Words by Marcel Dagenais
When I’m en route to work every day I find there is constantly new tags and street art along my varying path. Street artists are very distinct in their style, since it is a somewhat ghetto-ized formula for creating something visual the materials can range from traditional aerosol to colored tape or painted paper or giant stickers.
The work I’m most drawn to always has vivid colors and intricate details. From the sticker art on bathroom walls to larger scale pieces you find on the sides of buildings around town. There’s something amazing about a culture that can get a message across to anyone. These ideas are what inevitably led me to street artist Billi Kid’s tags last year, I had to turn my bike around to get a photo of his work.
Working Class was lucky enough to have Billi Kid stop by our company headquarters aka my loft in Greenpoint to sit down and give his perspective on what street art means to him and why he uses the accessibility of the streets to show what’s on his mind.

WC: Where are you from?
BK: I was born in Bogota, Colombia in South America, and I came to the states when I was nine. I grew up in California until I moved to New York to attend Parsons, studied there and ended up staying here. I love it!
WC: What inspired you to start doing street art?

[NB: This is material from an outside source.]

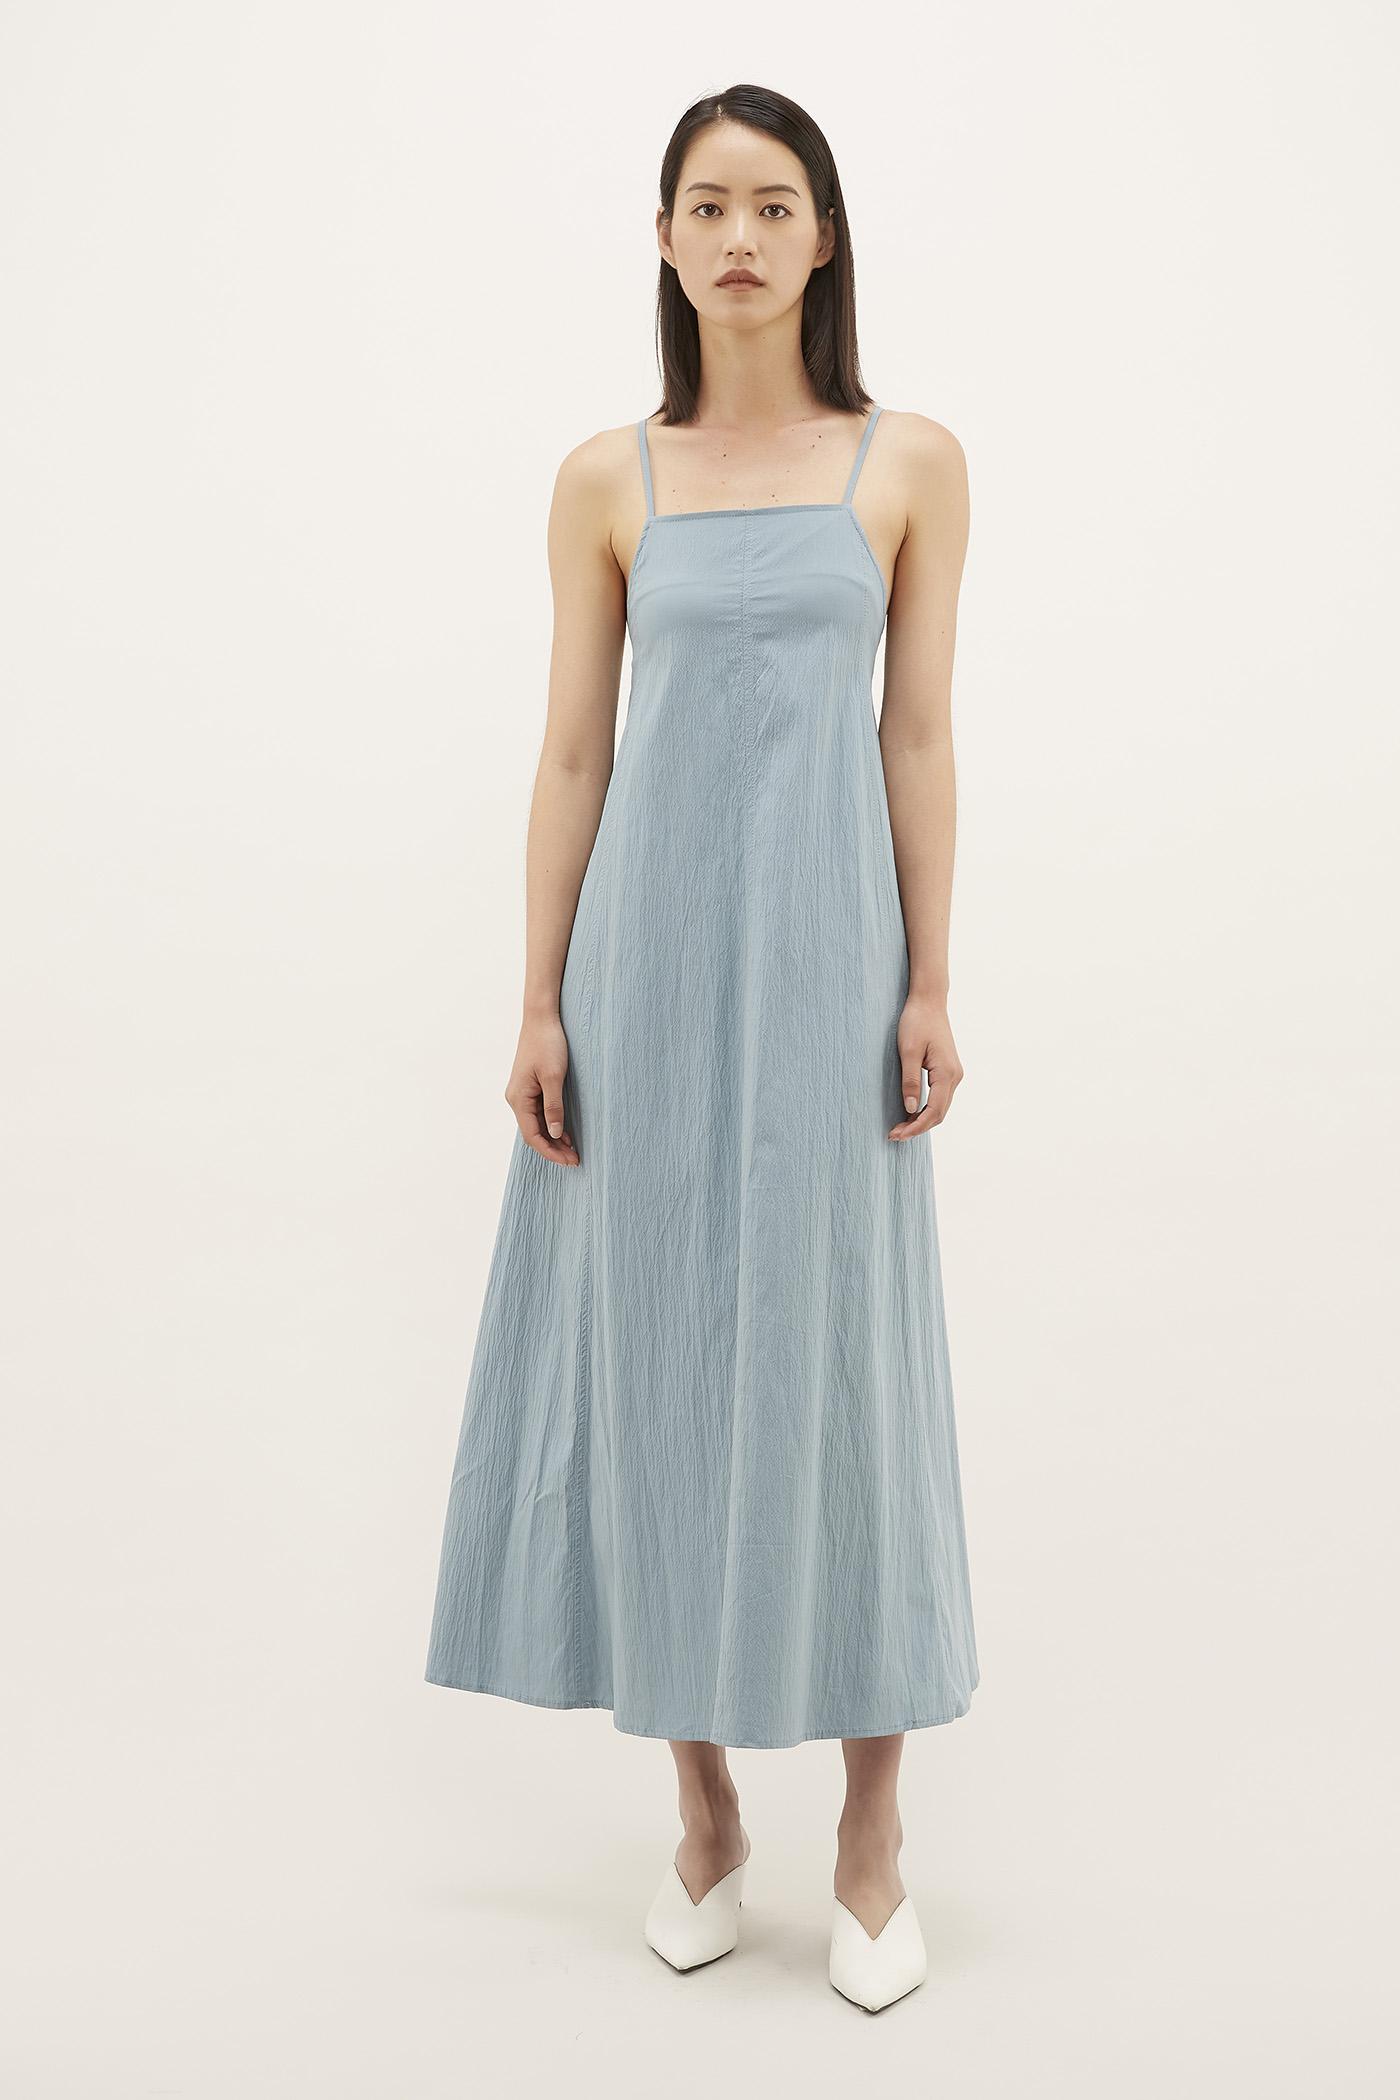 Alaisha Tent Dress

BK: I’ve been working in advertising and editorial design for many years, and I hit a point of burnout with this whole beehive environment—and I wanted my own work outside of it. I love street art; as a teenager I did dabble in the graffiti scene, doing logos, write-ups, things like that. I liked what I saw happening in New York. It’s a great creative outlet for me. Now it’s evolved to the point of no return.
WC: What’s the first piece you ever did?
BK: My Cowboy. I was looking at everything out there at the time, and there was a lot of black and white work, very little color. Almost like it was this dark-art. I knew I wanted to do a lot of color not just for the point of difference, but because it seemed like a positive thing to do.
WC: Cool. Are you referring to the little boy cowboy?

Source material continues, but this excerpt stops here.